The Union Labour Ministry has announced that it will provide a free annual health check-up to workers aged 40 years or more, following an existing provision in the new Labour Codes. The programme will be implemented through the Employees’ State Insurance Corporation (ESIC). For workers in hazardous conditions, such as handling toxic chemicals or operating heavy machinery, check-ups are mandatory; if illness is detected, ESIC hospitals and dispensaries will provide free treatment. India already has a few workers’ health obligations on paper, including under the Factories Act 1948 (only within factories), the ESI Act 1948, and the Occupational Safety, Health and Working Conditions (OSH) Code 2020. The new programme will be financed through the well-endowed ESI fund, although the government is still shoring up the number of beds and doctors available via PMJAY-empanelled facilities. At this time, operational evidence suggests that insured workers will be the main beneficiaries.

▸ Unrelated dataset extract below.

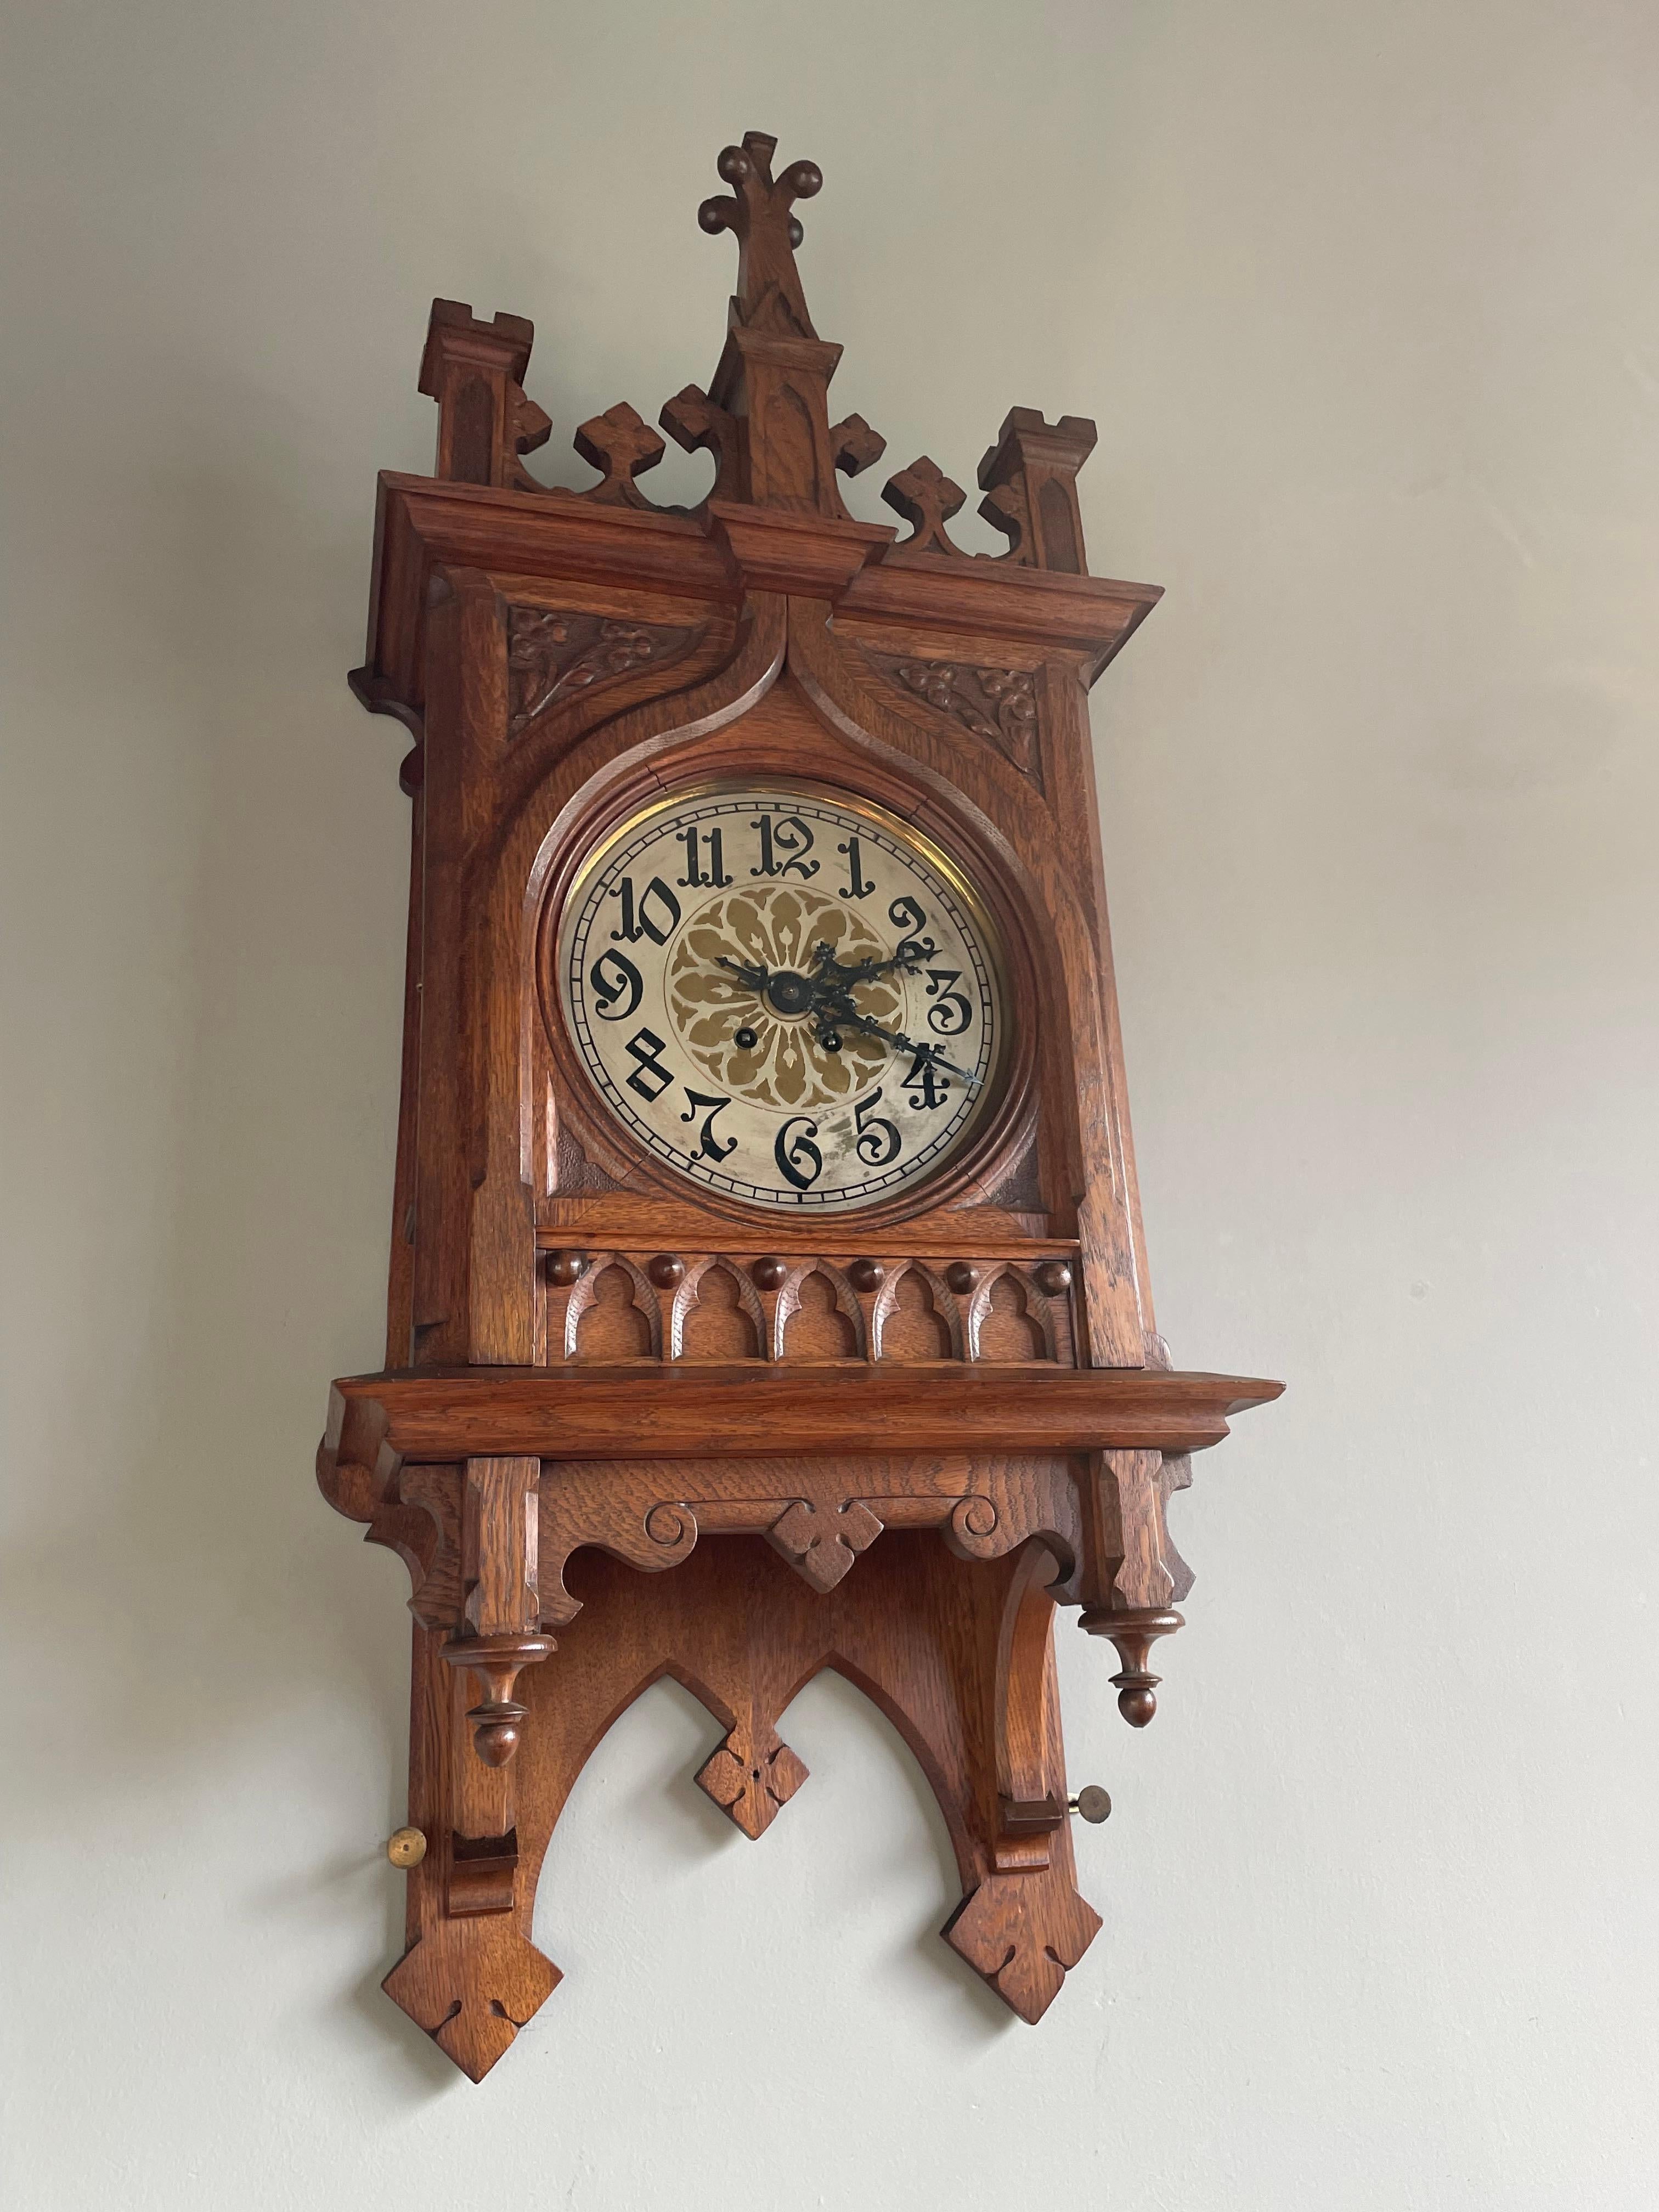 European Rare & Large Antique Hand Carved Gothic Revival Wall Clock w. Lenzkirch Movement

Commendable though the initiative is, its success is not guaranteed. At present, only around 31 crore of 94 crore workers are on the e-Shram portal, whose integration with ESIC is still in its early stages in many States. Labour Minister Mansukh Mandaviya also failed to address how a woman working in a garment home unit or as a domestic worker could access the longer maternity leave if she has no ‘employer’. Annual check-ups for women also warrant specific medical staff needs whereas many ESIC camps are crowded and dominated by men. As with many of its predecessors, the programme does not address the opportunity costs of accessing health care, forcing workers to continue contending with lost wages. An ESIC facility may also refer a worker to another centre if it lacks the resources for specific tests, leading to repeat visits and added time and cost. The new programme focuses predominantly on non-communicable diseases such as diabetes and hypertension. Heat-related illnesses are not explicitly recognised as occupational diseases under the ESI Act whereas construction and agriculture workers are most at risk of them. Waste-pickers and sanitation workers on the other hand face greater risk of infectious diseases such as hepatitis and leptospirosis. The scheme offers screening but does not mandate proactive vaccination. The government must meet workers where they are, through mobile occupational health units and — as the OSH Code 2020 stipulates for organised workers — at their places of work, and provide tokens to compensate them for time spent on check-ups. Otherwise, any scheme of this nature will not improve upon the already deficient system.